Researchers have discovered a large impact crater under the North Sea thatillustrates the threat posed by asteroids and comets. Dick Ahlstromreports.
The danger has passed - we are not going to be struck by an enormous asteroid on February 1, 2019. New evidence has emerged, however, about what happens when a passing space rock managed to hit its mark.
Two UK scientists report in Nature this morning about a 20 km-wide impact structure discovered at the bottom of the North Sea. The resultant crater is of particular interest because of its superb preservation, protected by a thick covering layer of sediment that has kept it safe from the elements for at least 60 million years.
Meteor craters on earth are generally poor specimens, beaten up as they are by wind, rain and erosion.
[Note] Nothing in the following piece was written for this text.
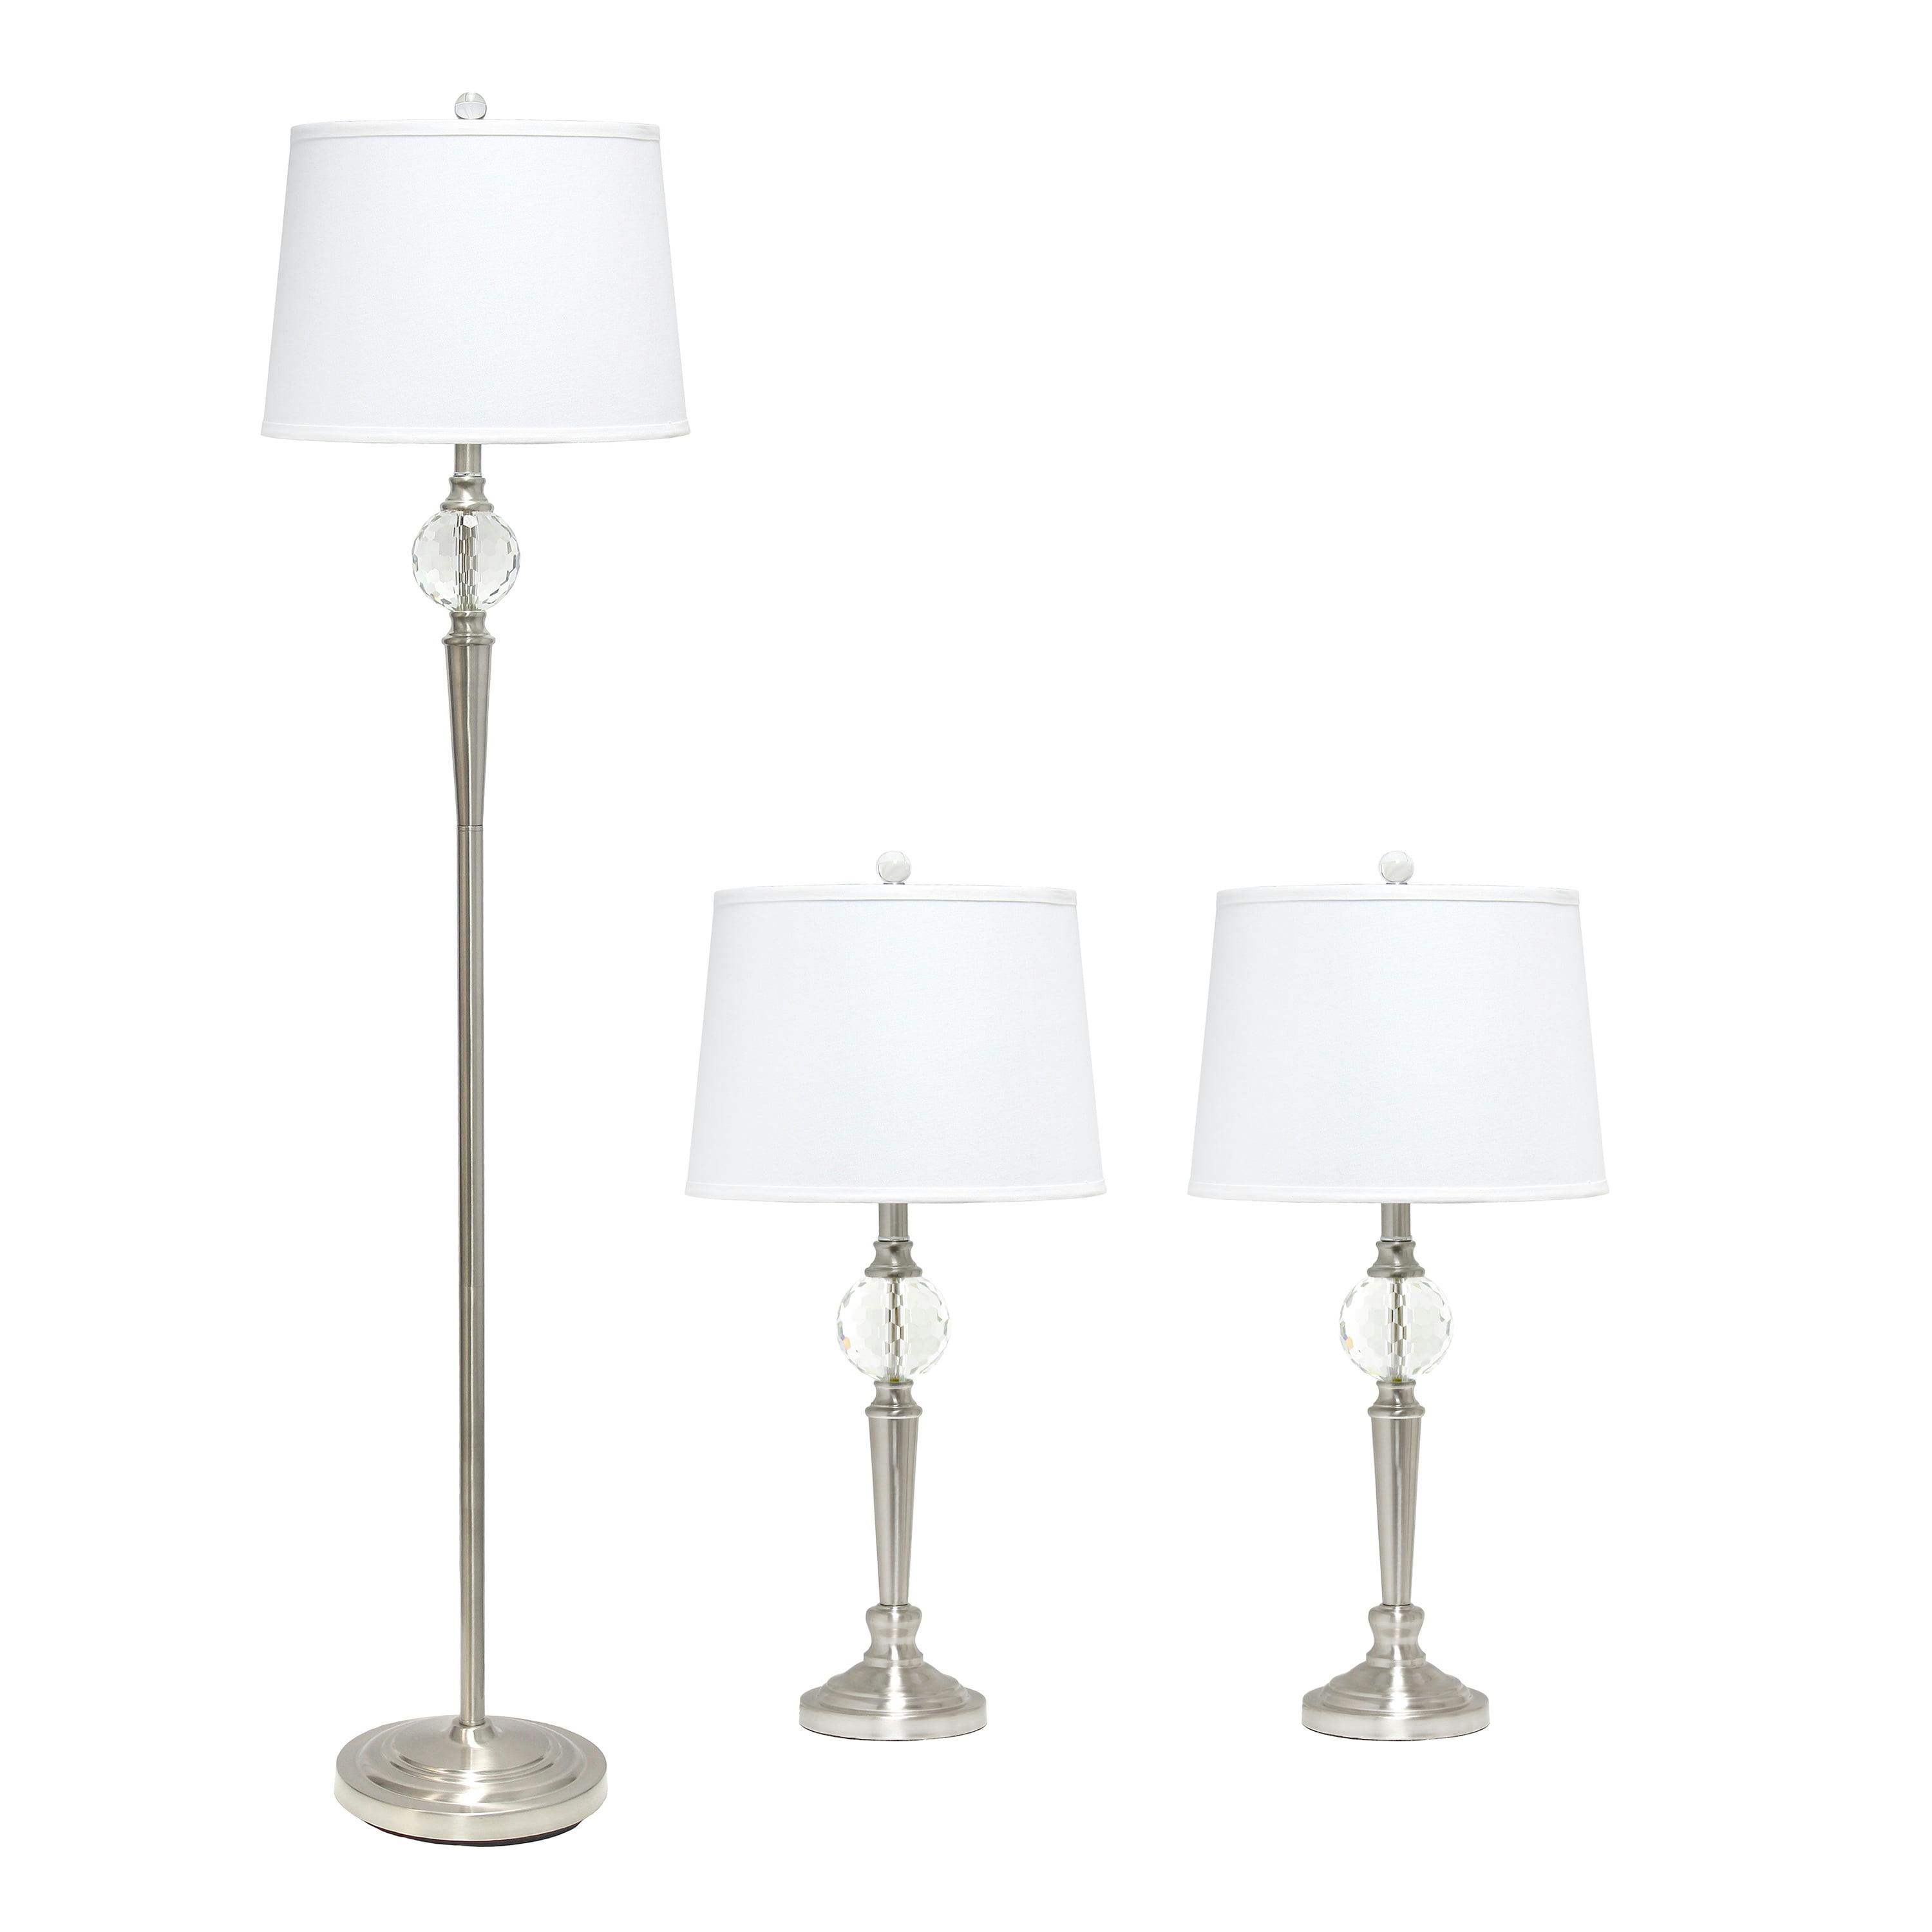 Elegant Silver Crystal Drop Floor & Table Lamp Trio Set with White Shades

They get flattened out and covered over, and movement of the surface crust disturbs their original look.
We look to the moon to understand the structures we see after major impacts and more recently, to data coming from impacts on Jupiter's moon, Callisto. Their distance from us is an impediment, however, hence geologists' delight in finding what has been dubbed the "Silverpit" crater under the bed of the North Sea.
It was defined and mapped by Dr Simon Stewart of BP plc in Aberdeen and Dr Phillip Allen of Production Geoscience Ltd in Banchory, Scotland. It takes its name from a nearby seafloor channel.
Early evidence for the crater came during prospecting for North Sea oil and gas. Silverpit lies well hidden, 130 km from the English coast under 40 metres of water and a further 300 metres to 1,500 metres of seafloor sediments that covered and preserved the crater's structures. These were extensively mapped to a resolution of just tens of metres using three-dimensional seismic reflection data. This allowed the researchers to see through the sediments and get a remarkably clear view on Earth of what previously we could only see through powerful telescopes.
The complete structure measures some 20 km across and includes at least 10 concentric rings located between two and 10 km from the crater's centre. The main bowl-shaped central zone measures about three km across rim to rim and has a typical cone-shaped peak at its centre.
This is surrounded by the rings, which are impact faults, rocks displaced by the impact. The fault types vary depending on how far they lie from the point of impact but look just like the rings seen surrounding much larger impact craters on Callisto.
It had been assumed that only very heavy impactors could produce this ringed effect. "The formation of concentric ringed impact structures at this relatively small scale had not previously been thought possible, especially on the terrestrial planets," the authors write.
We now seem unlikely to suffer the same fate as our planet did over 60 million years ago, at least from asteroid 2002 NT7. Even early on, the US National Aeronautics and Space Administration only gave it a "slight" - but interesting - chance of hitting us. Later calculations done by Mr David Moore, editor of Astronomy Ireland, showed that it had less than a one in 150,000 chance of hitting us. "2002 NT7 will probably miss earth by a million miles or more," he suggests.